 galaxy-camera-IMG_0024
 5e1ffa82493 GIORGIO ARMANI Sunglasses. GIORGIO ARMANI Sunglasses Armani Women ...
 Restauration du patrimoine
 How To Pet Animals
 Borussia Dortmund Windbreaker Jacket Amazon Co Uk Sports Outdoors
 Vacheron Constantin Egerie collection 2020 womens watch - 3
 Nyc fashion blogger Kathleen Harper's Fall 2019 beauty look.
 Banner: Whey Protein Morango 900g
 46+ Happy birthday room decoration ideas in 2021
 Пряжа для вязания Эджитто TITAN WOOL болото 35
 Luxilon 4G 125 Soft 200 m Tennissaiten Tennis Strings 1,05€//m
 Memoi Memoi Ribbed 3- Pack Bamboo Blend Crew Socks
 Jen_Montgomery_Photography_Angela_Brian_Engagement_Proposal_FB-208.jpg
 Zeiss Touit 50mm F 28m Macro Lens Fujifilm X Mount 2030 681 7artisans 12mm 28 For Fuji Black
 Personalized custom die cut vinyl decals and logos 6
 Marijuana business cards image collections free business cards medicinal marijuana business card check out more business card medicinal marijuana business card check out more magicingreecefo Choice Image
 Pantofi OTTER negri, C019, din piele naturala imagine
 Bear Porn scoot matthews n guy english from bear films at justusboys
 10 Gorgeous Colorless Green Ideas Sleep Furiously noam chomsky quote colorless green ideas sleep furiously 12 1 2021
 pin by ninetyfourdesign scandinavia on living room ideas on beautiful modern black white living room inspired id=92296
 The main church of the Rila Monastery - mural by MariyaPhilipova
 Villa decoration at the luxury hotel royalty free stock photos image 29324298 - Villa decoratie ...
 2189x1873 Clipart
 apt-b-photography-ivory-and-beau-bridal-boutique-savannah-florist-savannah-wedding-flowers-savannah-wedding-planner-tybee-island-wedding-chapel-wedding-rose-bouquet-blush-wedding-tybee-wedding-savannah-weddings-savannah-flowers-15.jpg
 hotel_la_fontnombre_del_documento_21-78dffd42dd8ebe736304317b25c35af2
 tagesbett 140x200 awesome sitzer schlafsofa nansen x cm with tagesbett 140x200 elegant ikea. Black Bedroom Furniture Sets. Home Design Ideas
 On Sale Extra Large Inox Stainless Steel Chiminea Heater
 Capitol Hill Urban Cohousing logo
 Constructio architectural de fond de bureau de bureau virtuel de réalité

..........

> WORK REQUIRED: Since the material above must be kept intact, output it exactly as it is.

> RESPONSE TO THE TASK:
 galaxy-camera-IMG_0024
 5e1ffa82493 GIORGIO ARMANI Sunglasses. GIORGIO ARMANI Sunglasses Armani Women ...
 Restauration du patrimoine
 How To Pet Animals
 Borussia Dortmund Windbreaker Jacket Amazon Co Uk Sports Outdoors
 Vacheron Constantin Egerie collection 2020 womens watch - 3
 Nyc fashion blogger Kathleen Harper's Fall 2019 beauty look.
 Banner: Whey Protein Morango 900g
 46+ Happy birthday room decoration ideas in 2021
 Пряжа для вязания Эджитто TITAN WOOL болото 35
 Luxilon 4G 125 Soft 200 m Tennissaiten Tennis Strings 1,05€//m
 Memoi Memoi Ribbed 3- Pack Bamboo Blend Crew Socks
 Jen_Montgomery_Photography_Angela_Brian_Engagement_Proposal_FB-208.jpg
 Zeiss Touit 50mm F 28m Macro Lens Fujifilm X Mount 2030 681 7artisans 12mm 28 For Fuji Black
 Personalized custom die cut vinyl decals and logos 6
 Marijuana business cards image collections free business cards medicinal marijuana business card check out more business card medicinal marijuana business card check out more magicingreecefo Choice Image
 Pantofi OTTER negri, C019, din piele naturala imagine
 Bear Porn scoot matthews n guy english from bear films at justusboys
 10 Gorgeous Colorless Green Ideas Sleep Furiously noam chomsky quote colorless green ideas sleep furiously 12 1 2021
 pin by ninetyfourdesign scandinavia on living room ideas on beautiful modern black white living room inspired id=92296
 The main church of the Rila Monastery - mural by MariyaPhilipova
 Villa decoration at the luxury hotel royalty free stock photos image 29324298 - Villa decoratie ...
 2189x1873 Clipart
 apt-b-photography-ivory-and-beau-bridal-boutique-savannah-florist-savannah-wedding-flowers-savannah-wedding-planner-tybee-island-wedding-chapel-wedding-rose-bouquet-blush-wedding-tybee-wedding-savannah-weddings-savannah-flowers-15.jpg
 hotel_la_fontnombre_del_documento_21-78dffd42dd8ebe736304317b25c35af2
 tagesbett 140x200 awesome sitzer schlafsofa nansen x cm with tagesbett 140x200 elegant ikea. Black Bedroom Furniture Sets. Home Design Ideas
 On Sale Extra Large Inox Stainless Steel Chiminea Heater
 Capitol Hill Urban Cohousing logo
 Constructio architectural de fond de bureau de bureau virtuel de réalité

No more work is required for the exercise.